その辺の言外の部分を見抜けずに、「アベノミクスに意味なかった」って喚いてる国民の頭の悪さのほうがやばいと思う。
何しろ初めから何がダメなのか指摘してたわけで、うちのサイトみたいなのが。
自分の頭をつかう癖くらい持ってればそんなことにならなかった。
トリクルダウンというか、ホントの好景気ってどういうことかというと、”これといって特徴のない普通の人・どうでもいい会社”があまり死ぬほどの苦労を要さずに普通に儲かる状況のことだよ。
有能な奴しか儲からないのは好景気じゃない。だってほんとに有能なら不景気でもそいつは利益を出すんだから。
「無能のくせに良い待遇は幻想でござる」アルファブロガー達に引導を渡される情弱達
宮台氏「能力のないやつに給料を与え続けるのは反公共的」
今回の選挙戦では「アベノミクス検証」が中心とされ、重要な政策課題である「雇用改革」に言及されることは少ない。しかし都市部で働く人々にとっては、最大の関心事といってもいいだろう。ラジオで紹介された街の声でも、正社員はボーナスや時間外手当が出るのに、アルバイトには一銭も入らないと不満を漏らす人がいた。
この問題に対して、民主党のテレビCMのように「夢は正社員」という理想に向かうべきという論調もある。しかし投資家のやまもといちろう氏は、ボーナスや終身雇用といった正社員の恵まれた待遇は「そもそも幻想だったんでござる」と断言した。
「いつまで高度経済成長の気持ちでいるんだ、って話。これからは同じ会社に何年もいられるとは限らない、という人生設計じゃないと難しいと思います。たとえば住宅ローンを組むとか、いい加減にしろって話ですよ」
via: 城繁幸、やまもといちろう、宮台真司が「非正規格差がカワイソウなら、正社員の待遇下げろ」で一致 | ニコニコニュース
座敷芸者もとい自称情報強者のひどいところって、俺なんか始めっから何がダメかはっきり指摘してるけど、取り返しがつかない地点に来てから「ダメに決まってんじゃんm9(^Д^)」とやるところなんだよね。
↑の引用の話なんか、前々回の衆院選の時に先にしといてやれよとさすがの俺も思った。
ただ、こういう連中の言動に象徴されるように、基本的に日本型の先進国の場合は、成長産業がもう見当たらなくなって、弱いやつから絞り上げることでしか豊かな奴の富を維持することはできなくなってる。
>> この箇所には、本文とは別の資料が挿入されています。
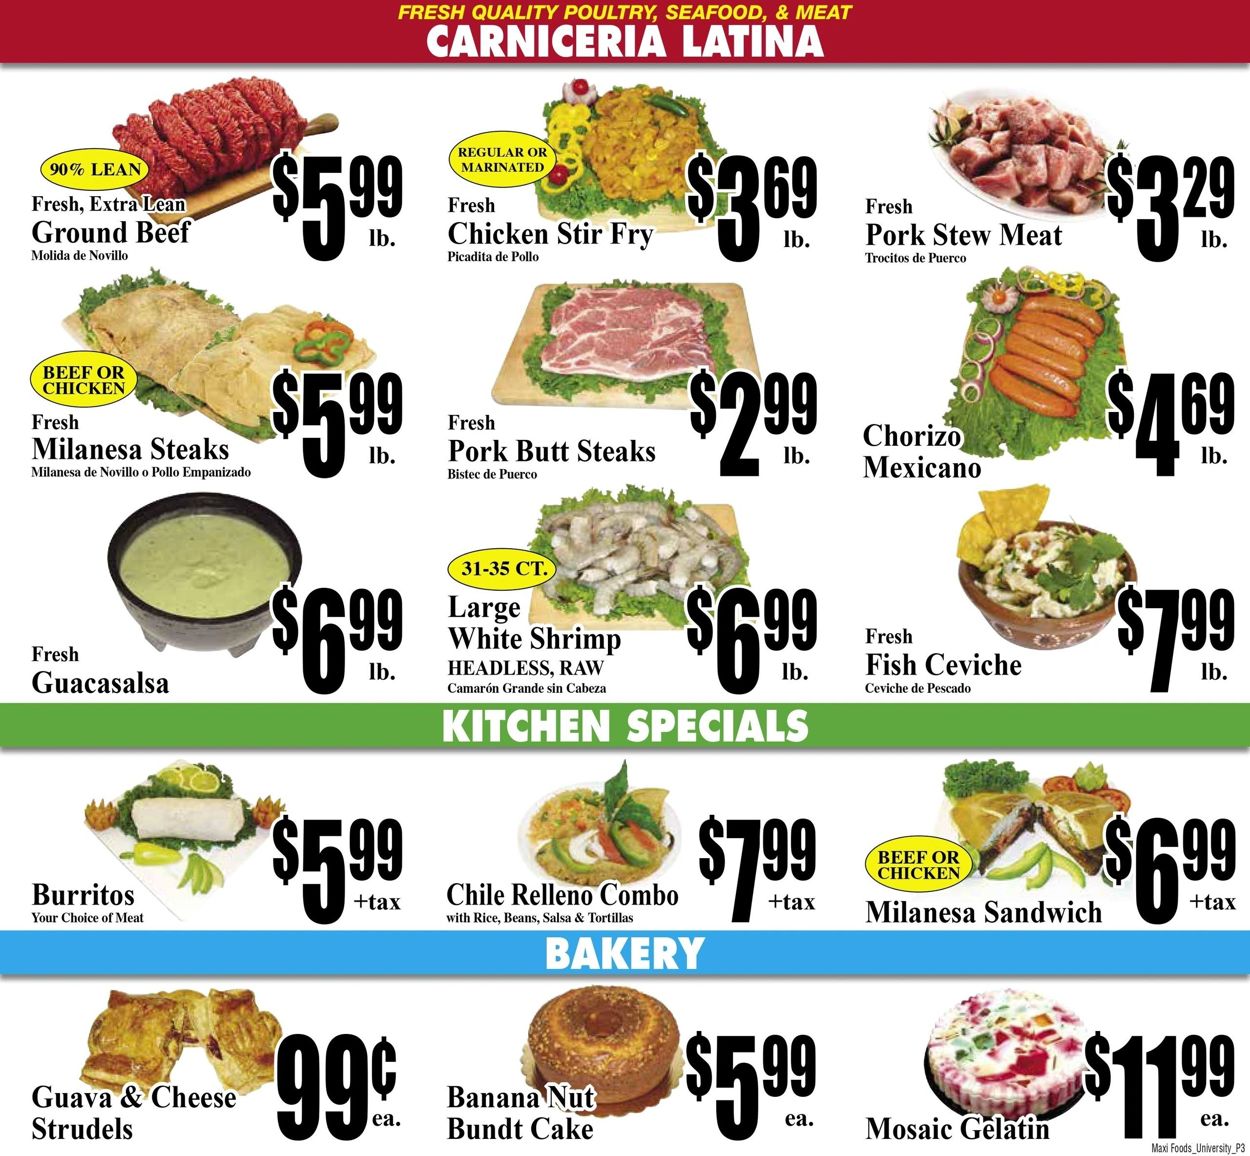 Maxi Foods Ad from 05/18/2022

つまり、今後共何かしら成長産業を生み出さない限りは、大多数の普通の国民はどんどん生活レベルが落ちていく一方で、資本家は海外との中継の役割や人材の配置最適化などのリストラビジネスでますます肥え太る。
月給50万の社員を解雇して、35万円で派遣会社にアウトソースして派遣会社が15万円中抜する。
ババ抜きのババを弱いやつに引かせる一方、この流れの中で強いものの位置に居る奴はみんな儲かった。
これがトリクルダウン。株価も上がるはずでしょ?
金融とかクールジャパンとか、馬鹿みたいな話を放置しといてとにかく基幹産業の育成をしなきゃいけない。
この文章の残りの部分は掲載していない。